Effective and Light-Weight Deobfuscation and Semantic-Aware Attack Detection for PowerShell Scripts

In recent years, PowerShell is increasingly reported to appear in a variety of cyber attacks ranging from advanced persistent threat, ransomware, phishing emails, cryptojacking, financial threats, to fileless attacks. However, since the PowerShell language is dynamic by design and can construct script pieces at different levels, state-of-the-art static analysis based PowerShell attack detection approaches are inherently vulnerable to obfuscations. To overcome this challenge, in this paper we design the first effective and light-weight deobfuscation approach for PowerShell scripts. To address the challenge in precisely identifying the recoverable script pieces, we design a novel subtree-based deobfuscation method that performs obfuscation detection and emulation-based recovery at the level of subtrees in the abstract syntax tree of PowerShell scripts. Building upon the new deobfuscation method, we are able to further design the first semantic-aware PowerShell attack detection system. To enable semantic-based detection, we leverage the classic objective-oriented association mining algorithm and newly identify 31 semantic signatures for PowerShell attacks.
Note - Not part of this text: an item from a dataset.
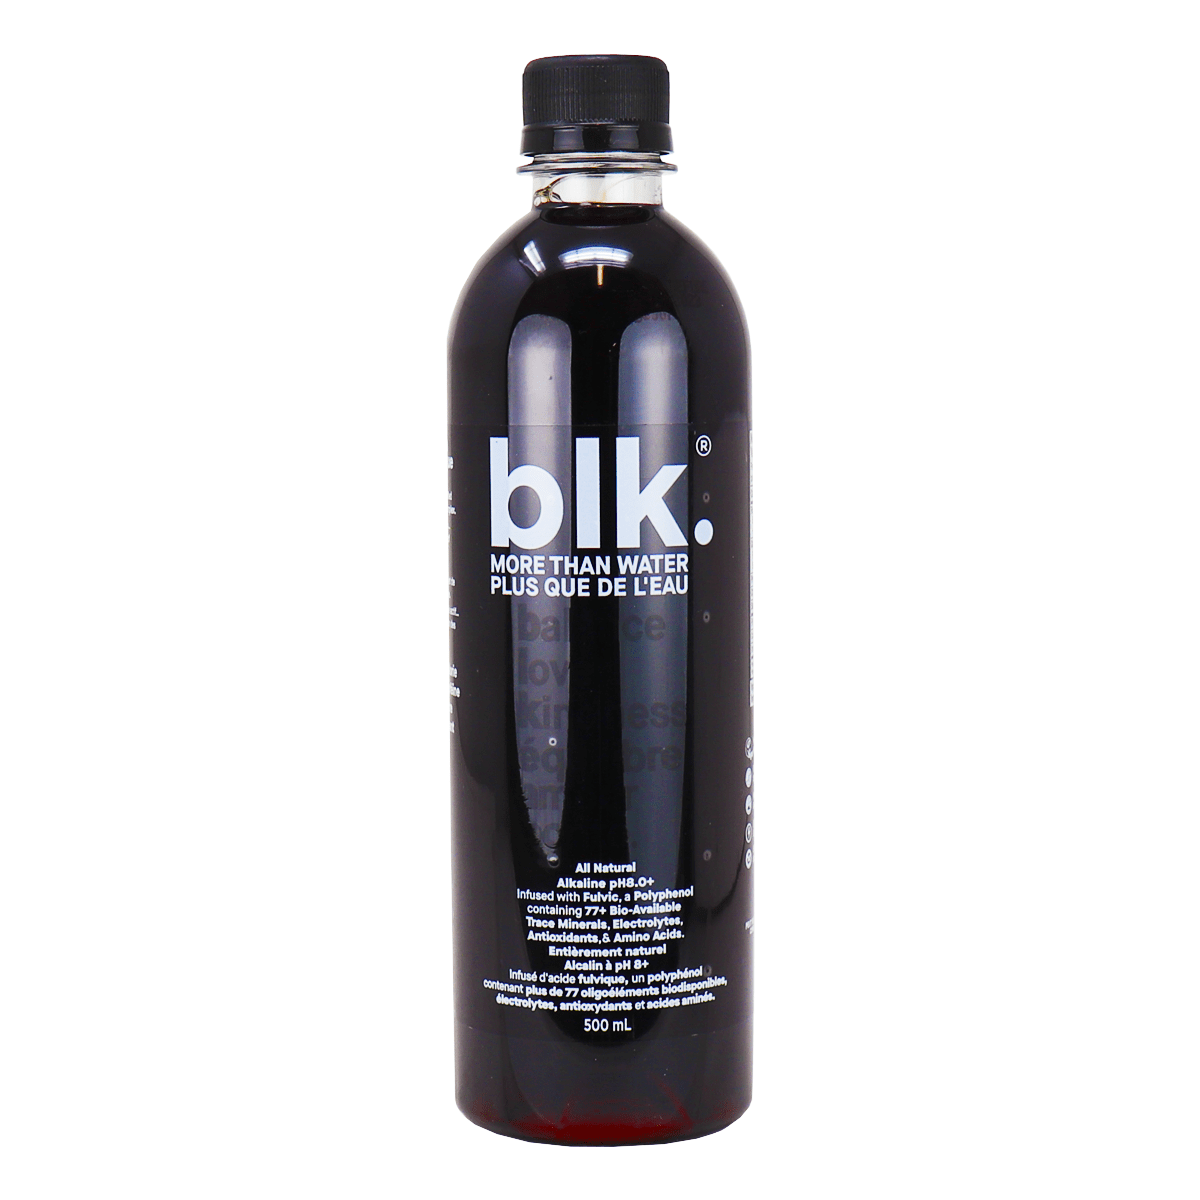 Blk water (Black Alkaline water), 12 x 500ml bottles, Water beverages, SNS Health

We perform an evaluation on a collection of 2342 benign samples and 4141 malicious samples, and find that our deobfuscation method takes less than 0.5 seconds on average and meanwhile increases the similarity between the obfuscated and original scripts from only 0.5% to around 80%, which is thus both effective and light-weight. In addition, with our deobfuscation applied, the attack detection rates for Windows Defender and VirusTotal increase substantially from 0.3% and 2.65% to 75.0% and 90.0%, respectively. Furthermore, when our deobfuscation is applied, our semantic-aware attack detection system outperforms both Windows Defender and VirusTotal with a 92.3% true positive rate and a 0% false positive rate on average.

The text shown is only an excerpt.